The limits of single-thread performance and the demands of emerging applications have caused a shift toward increasingly concurrent and parallel software. For example, concurrency and parallelism unlock the performance and energy benefits of multi-core architectures and many domains like servers, mobile devices, and cloud applications require concurrency. Unfortunately, writing correct, reliable concurrent software is extremely difficult. In this talk, I will discuss my research on using architecture and system support to make programs easier to debug and less prone to failure.
First, I will present Recon, a new technique for concurrency debugging. Using a simple statistical model, Recon isolates and reconstructs the root cause of failures to help programmers understand their errors. With hardware support, Recon works efficiently even in production. In experiments with real, buggy programs (e.g., MySQL, Apache) we showed Recon reveals bug root causes with few – often 0 – false positives.
Second, I will present Aviso, a new technique for avoiding failures in buggy concurrent programs. Aviso traces events as programs run.
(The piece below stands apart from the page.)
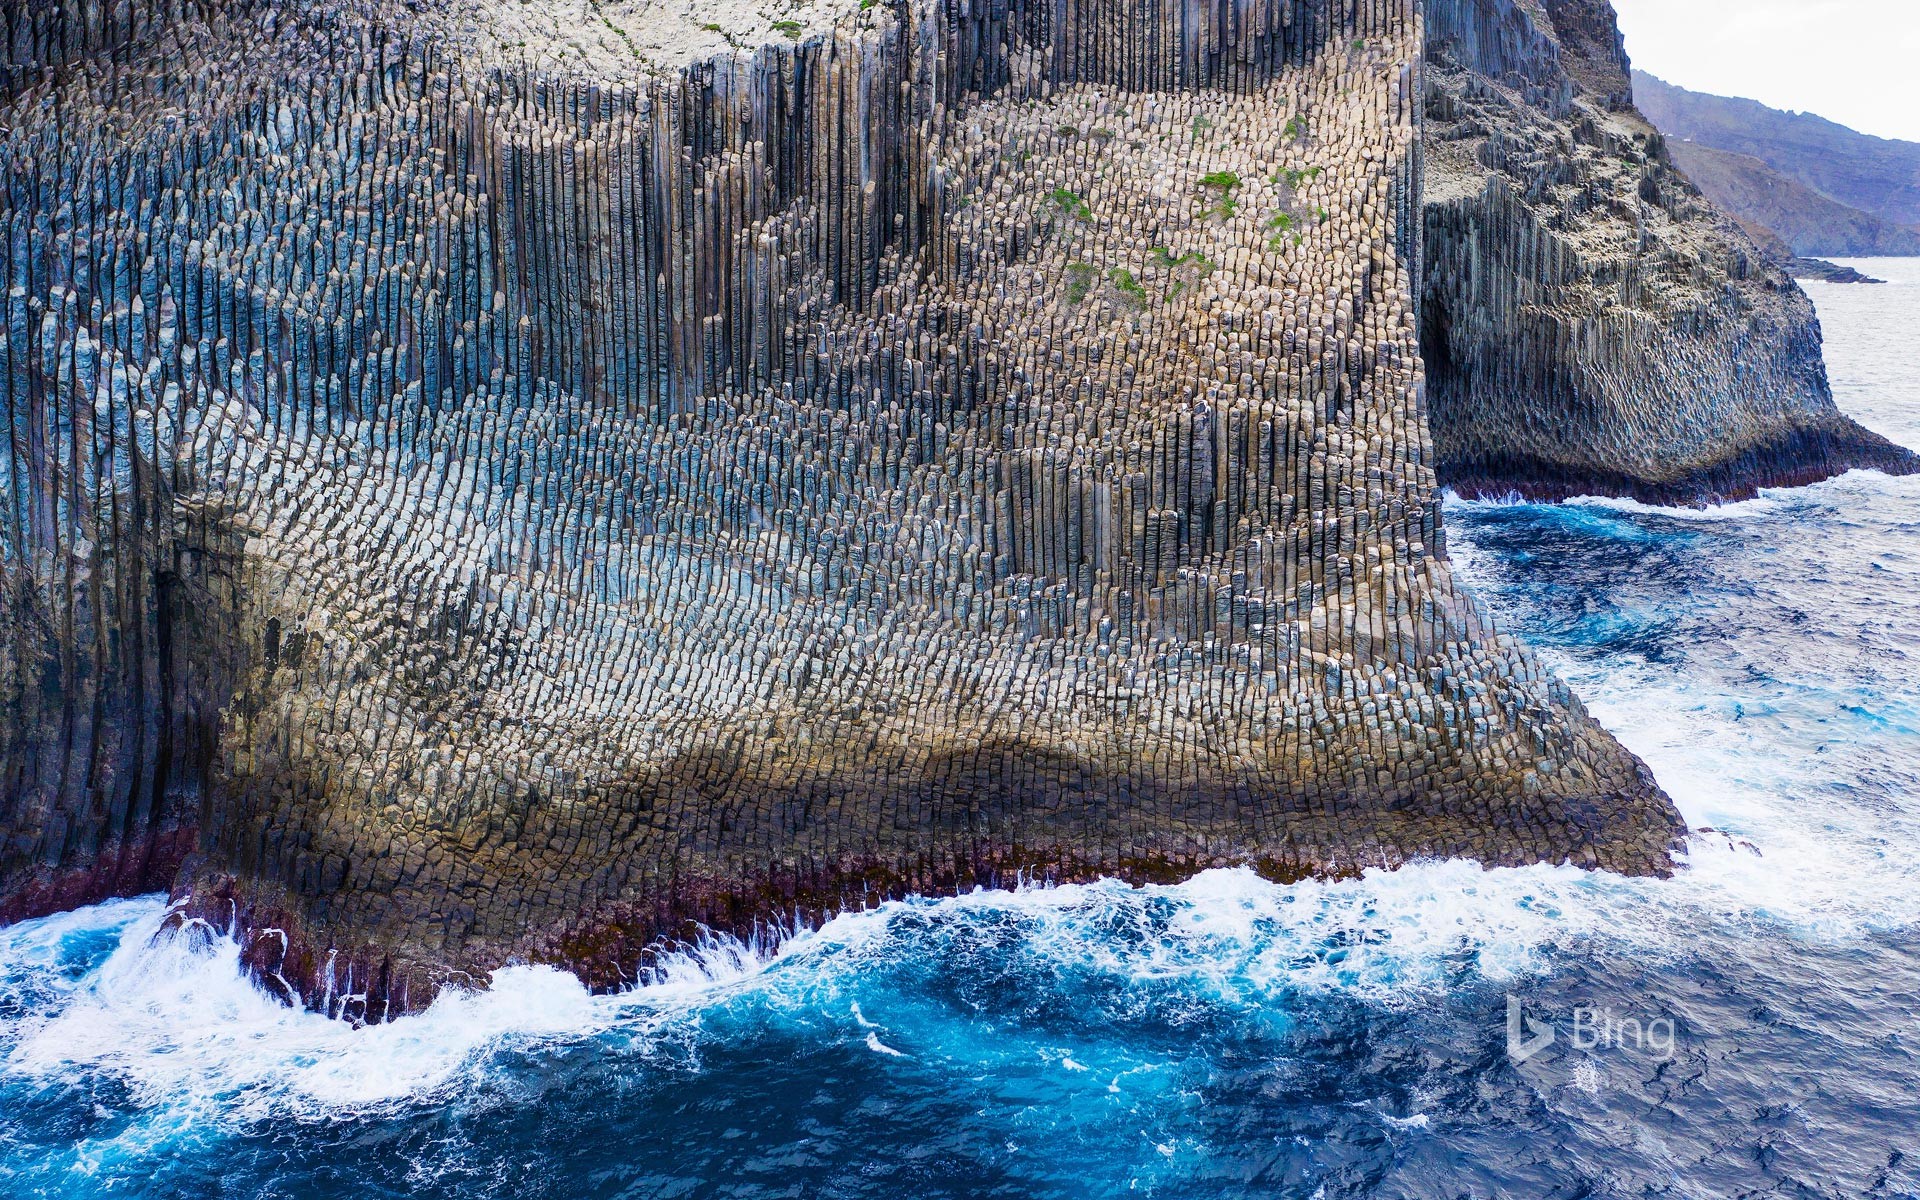 Los Órganos basalt rock formation, La Gomera, Canary Islands, Spain

When an execution fails, Aviso uses the failing event trace and a statistical model to generate thread schedule constraints that prevent the same failure from occurring in the future. Collections of systems running Aviso can work cooperatively to find and share effective constraints. Our experiments with real software show that Aviso decreases failure rates by up to two orders of magnitude with performance overheads tolerable for production use.